Am Anfang war sie noch gar nicht so bitchig. Die Veränderung kam mit der Zeit und wie ich zugeben muss, bei uns beiden. Mir war das selber überhaupt nicht bewusst und ich hakte auch nicht nach, wenn Dorcas meinte, man müsse jetzt high heels tragen, um cool zu sein. Ich tat es einfach.

Das ganze wurde dann noch verstärkt, als ich anfing, mich in James zu verknallen. Ich versuchte alles, um seine Aufmerksamkeit zu erlangen und erst jetzt ist mir klar, dass das wohl ziemlich negativ war. Egal, was ich versuchte, er hatte nur Augen für dich.

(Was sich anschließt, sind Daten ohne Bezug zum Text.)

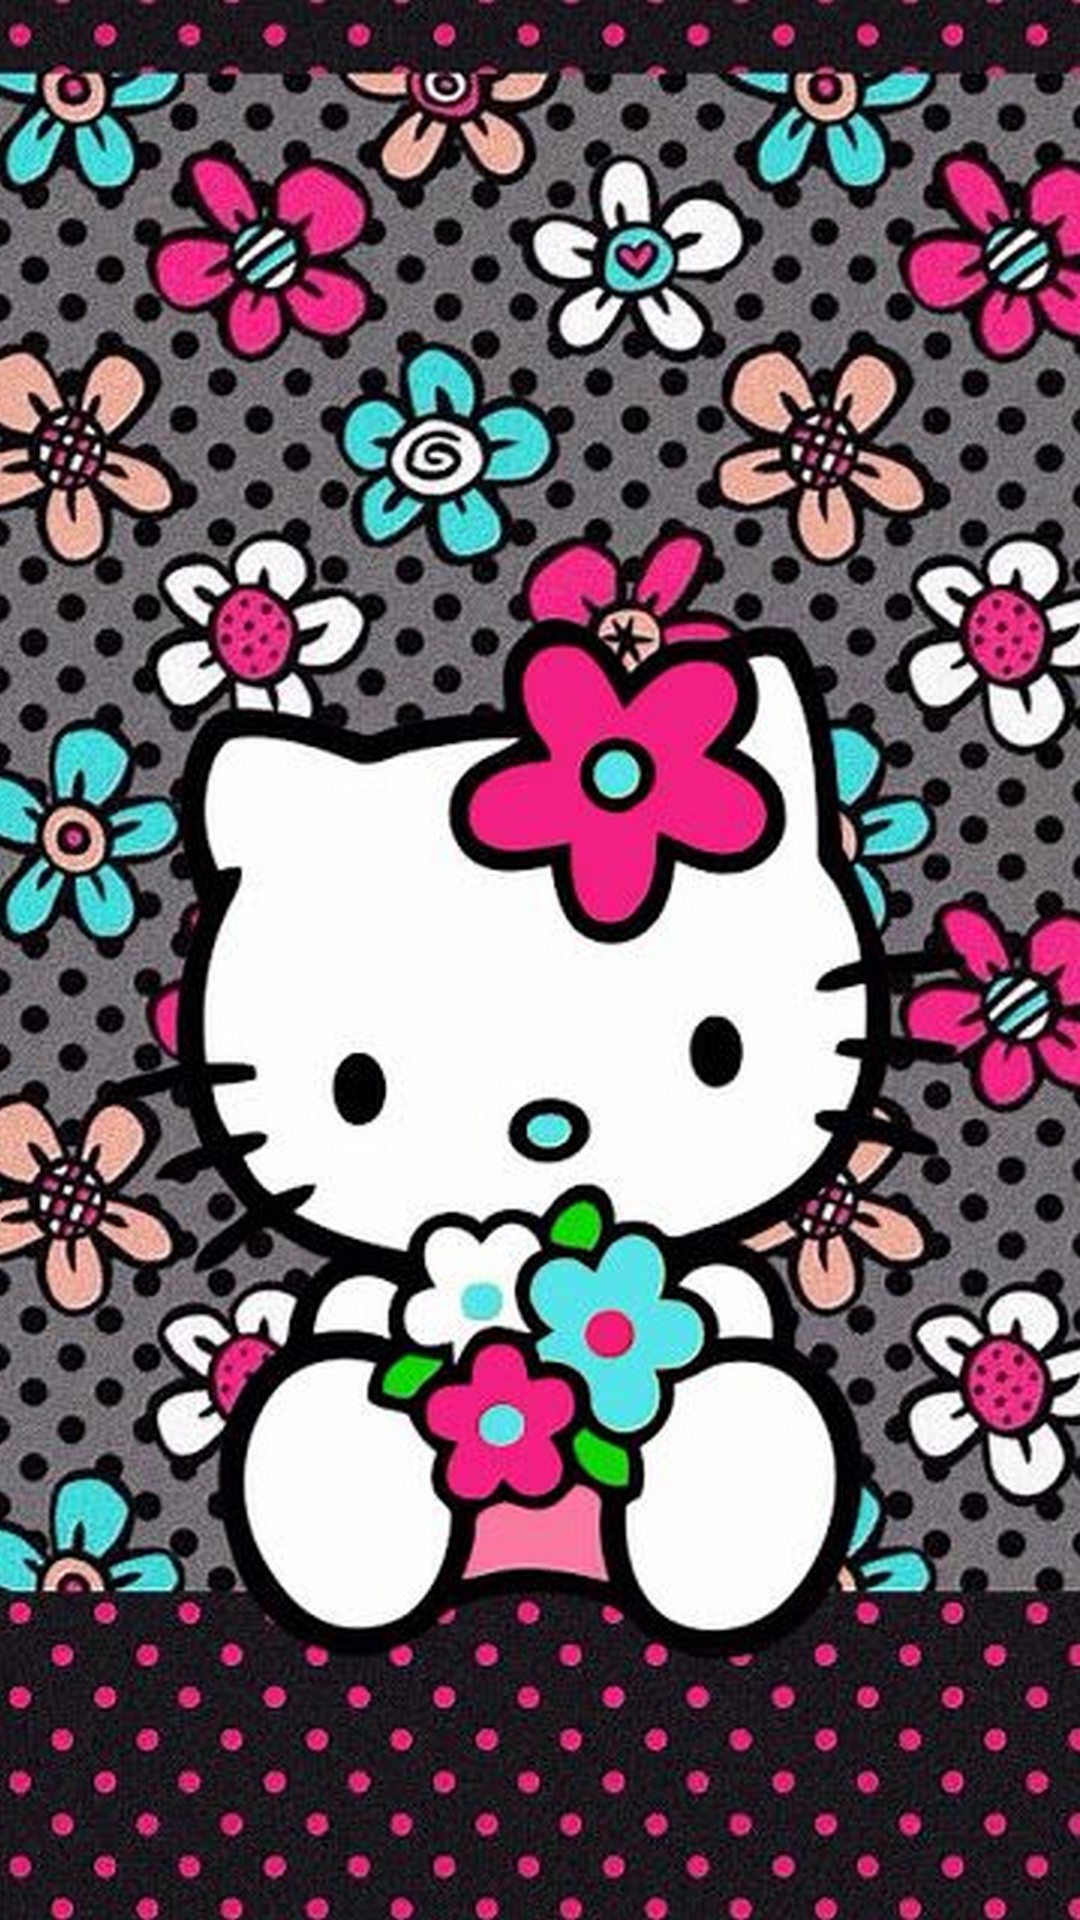 Wallpaper iPhone Hello Kitty Images | 2020 3D iPhone Wallpaper

Ich wurde sehr schnell ziemlich eifersüchtig auf dich. Du warst genauso wie ich damals. Doch du hattest eine allerbeste Freundin, die für dich sterben würde, kamst mit jedem zurecht, warst gut in der Schule und James himmelte dich an. Ich lernte schnell, dich abgrundtief zu hassen.

Nachdem ich dann euer Date gesehen hatte, wurde mir jedoch klar, warum er so vernarrt in dich ist. Du bist natürlich, nie aufgesetzt und trotzdem immer freundlich zu jedem. Ich dagegen war über die Jahre eine Barbie Puppe geworden, hatte über jeden gelästert, der nicht in mein aufgesetztes Weltbild passte.

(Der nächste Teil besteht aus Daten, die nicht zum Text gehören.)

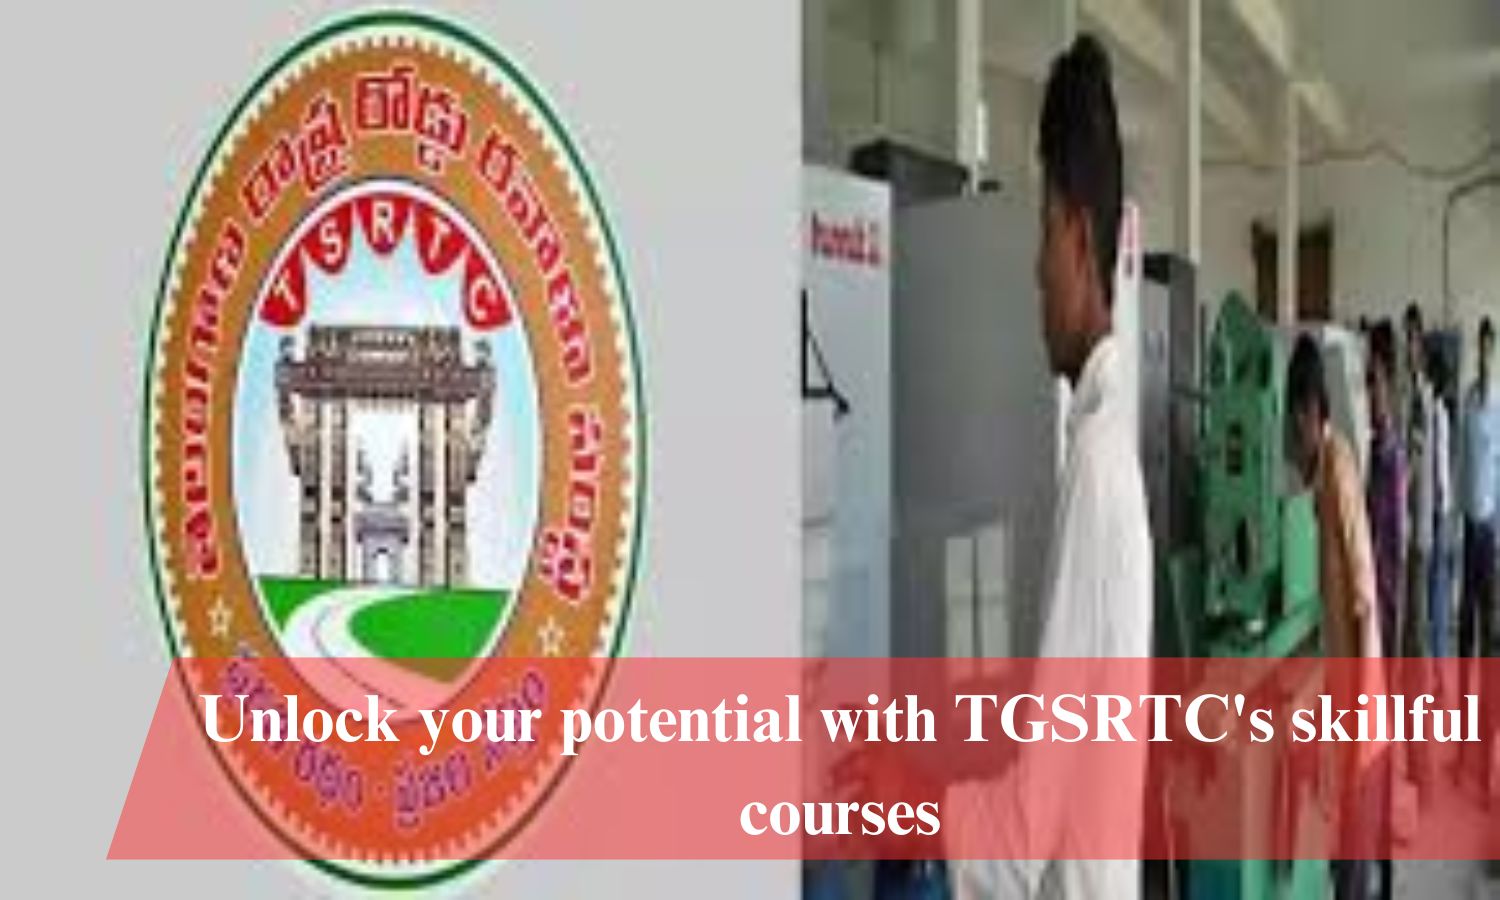 Tgsrtc Training Institute To Offer Skillful Courses To Students.

Mein Herz ist an diesem Abend zu Bruch gegangen, aber ich habe auch eine wichtige Sache festgestellt. Fassaden bringen mich nicht weiter. Eigentlich müsste ich dich dafür hassen, dass dich jeder mag, aber es geht nicht, weil ich genau weiß, warum dich jeder mag."

Die Tränen liefen nur so über ihre Wangen. Ich wischte sie vorsichtig weg und umarmte sie. Sie tat mir so schrecklich leid!